It should be appreciated that the processors referred to in the embodiments of the present application may be central processing units (Central Processing Unit, CPU), but may also be other general purpose processors, digital signal processors (Digital Signal Processor, DSP), application specific integrated circuits (Application Specific Integrated Circuit, ASIC), off-the-shelf programmable gate arrays (FieldProgrammable Gate Array, FPGA) or other programmable logic devices, discrete gate or transistor logic devices, discrete hardware components, or the like. A general purpose processor may be a microprocessor or the processor may be any conventional processor or the like.

It should also be understood that the memory referred to in the embodiments of the present application may be volatile memory or nonvolatile memory, or may include both volatile and nonvolatile memory. The nonvolatile Memory may be a Read-Only Memory (ROM), a Programmable ROM (PROM), an Erasable PROM (EPROM), an Electrically Erasable EPROM (EEPROM), or a flash Memory. The volatile memory may be random access memory (RandomAccess Memory, RAM) which acts as an external cache. By way of example, and not limitation, many forms of RAM are available, such as Static RAM (SRAM), dynamic RAM (DRAM), synchronous DRAM (SDRAM), double Data Rate SDRAM (Double Data Rate SDRAM), enhanced SDRAM (ESDRAM), synchronous DRAM (SLDRAM), and Direct RAM (DR RAM).

Note that when the processor is a general-purpose processor, DSP, ASIC, FPGA or other programmable logic device, discrete gate or transistor logic device, discrete hardware components, the memory (storage module) is integrated into the processor.

It should be noted that the memory described herein is intended to comprise, without being limited to, these and any other suitable types of memory.

It should also be understood that the first, second, third and various numerical numbers referred to herein are merely descriptive convenience and are not intended to limit the scope of the present application.

It should be understood that the term "and/or" is merely an association relationship describing the associated object, and means that three relationships may exist, for example, a and/or B may mean: a exists alone, A and B exist together, and B exists alone. In addition, the character "/" herein generally indicates that the front and rear associated objects are an "or" relationship.

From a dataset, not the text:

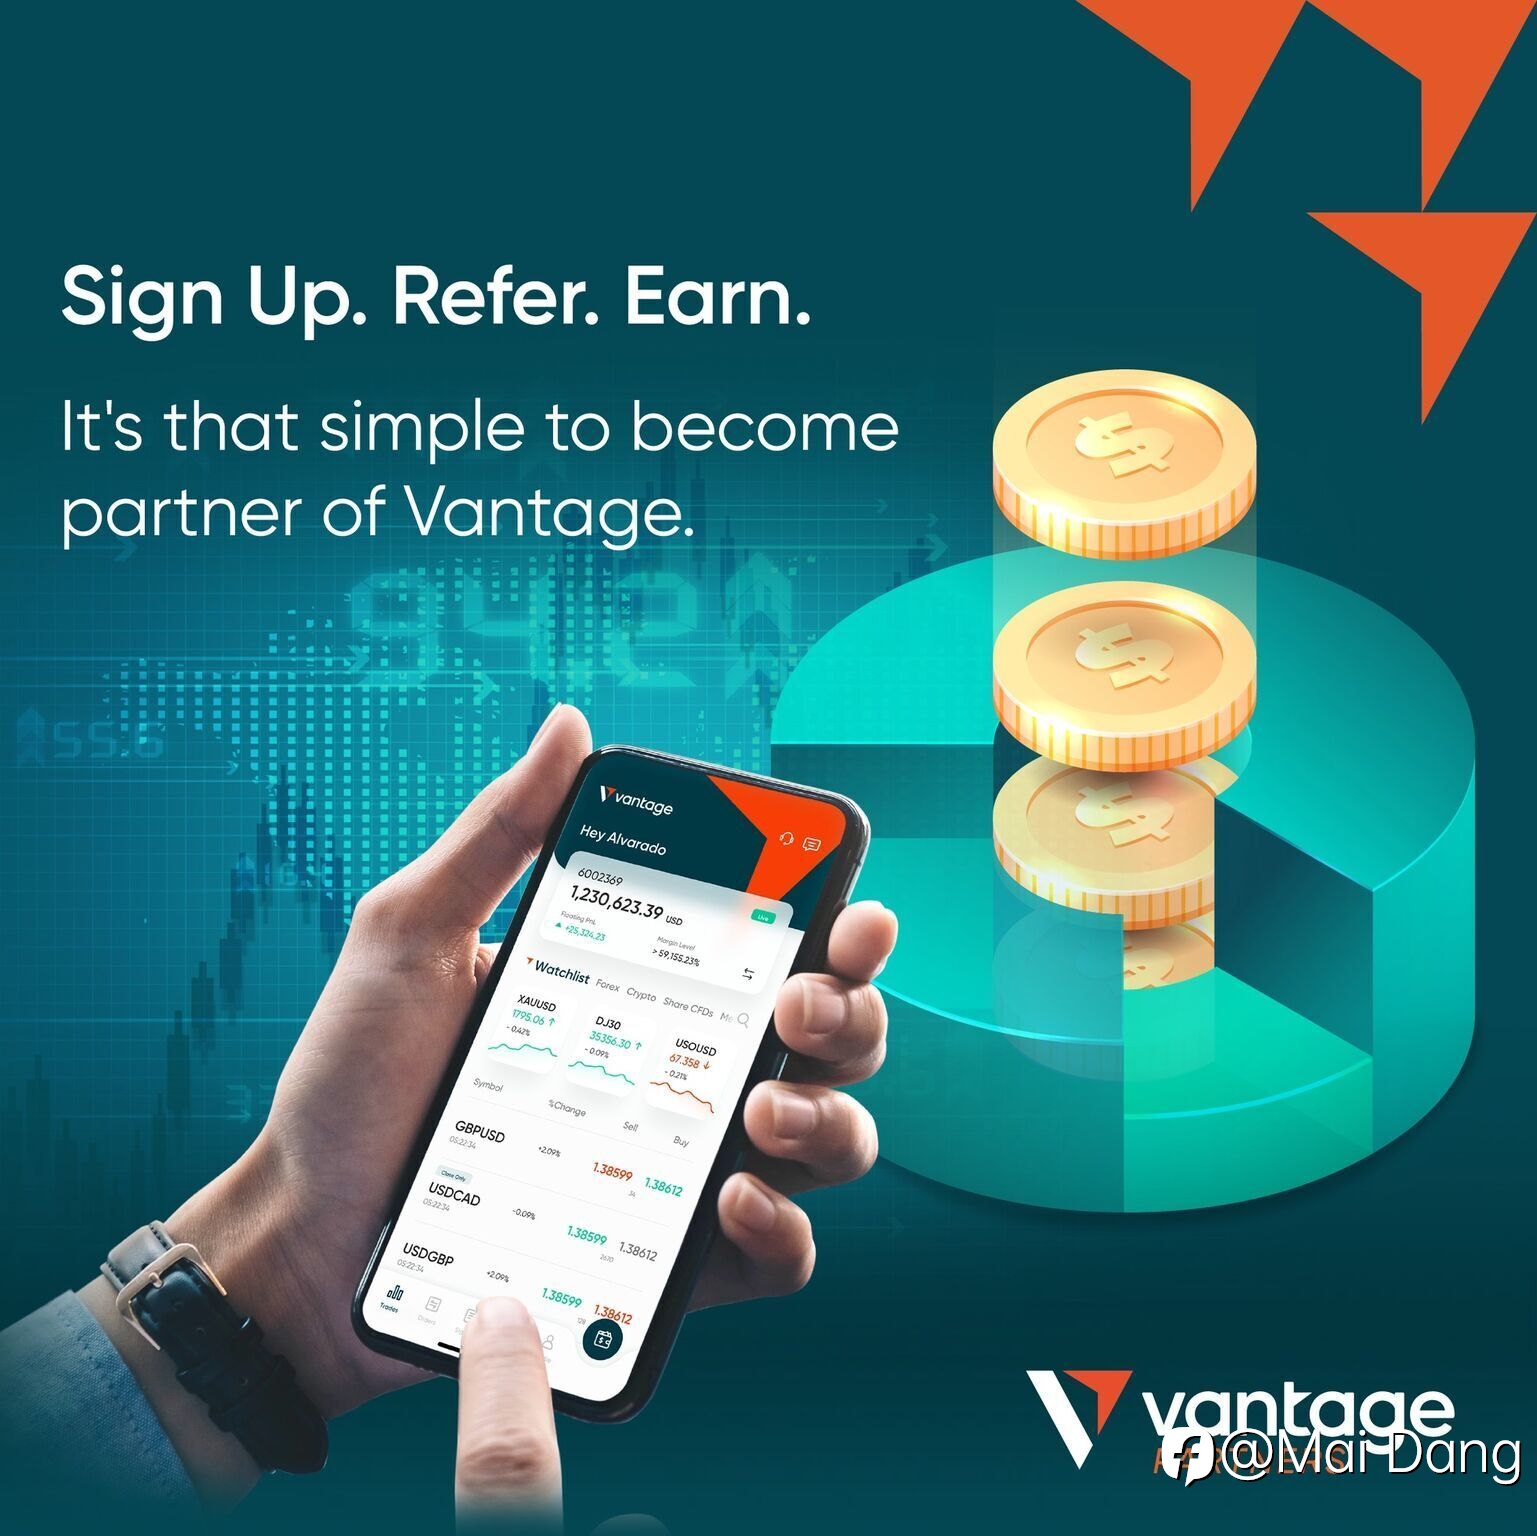 Become Vantage Partner to earn more and more!

It should be understood that, in various embodiments of the present application, the sequence numbers of the foregoing processes do not mean the order of execution, and the order of execution of the processes should be determined by the functions and internal logic thereof, and should not constitute any limitation on the implementation process of the embodiments of the present application.

Those of ordinary skill in the art will appreciate that the various illustrative elements and algorithm steps described in connection with the embodiments disclosed herein may be implemented as electronic hardware, or combinations of computer software and electronic hardware. Whether such functionality is implemented as hardware or software depends upon the particular application and design constraints imposed on the solution. Skilled artisans may implement the described functionality in varying ways for each particular application, but such implementation decisions should not be interpreted as causing a departure from the scope of the present application.

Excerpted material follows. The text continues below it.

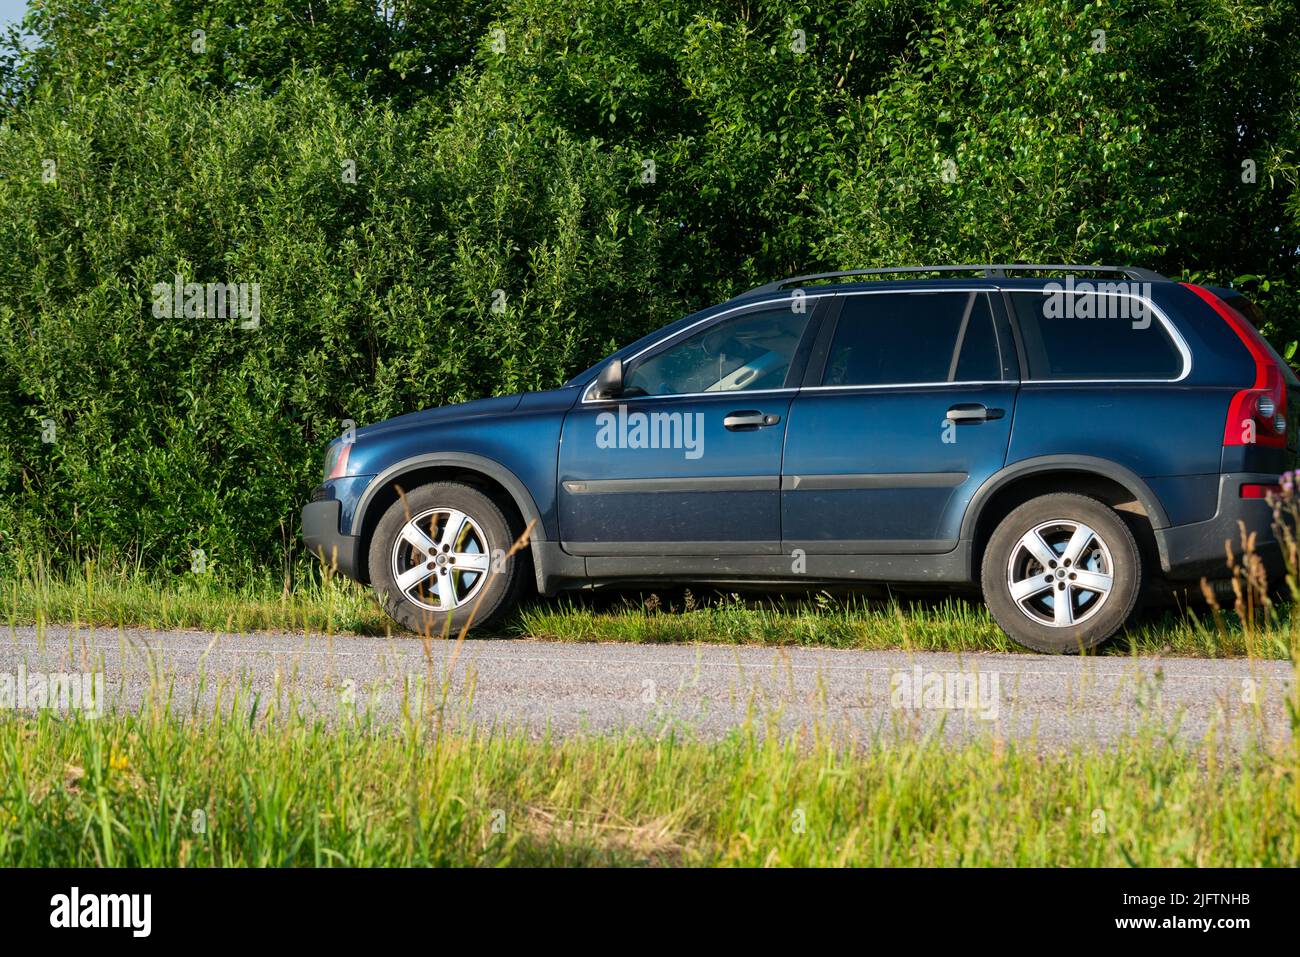 SUV on the side of a country road next to green bushes in green grass illuminated by warm summer sunset light. Stock Photo

It will be clear to those skilled in the art that, for convenience and brevity of description, specific working procedures of the above-described systems, apparatuses and units may refer to corresponding procedures in the foregoing method embodiments, and are not repeated herein.

In the several embodiments provided in this application, it should be understood that the disclosed systems, devices, and methods may be implemented in other manners. For example, the above-described apparatus embodiments are merely illustrative, and for example, the above-described division of units is merely a logical function division, and there may be another division manner in actual implementation, for example, a plurality of units or components may be combined or may be integrated into another system, or some features may be omitted, or not performed. Alternatively, the coupling or direct coupling or communication connection shown or discussed with each other may be an indirect coupling or communication connection via some interfaces, devices or units, which may be in electrical, mechanical or other form.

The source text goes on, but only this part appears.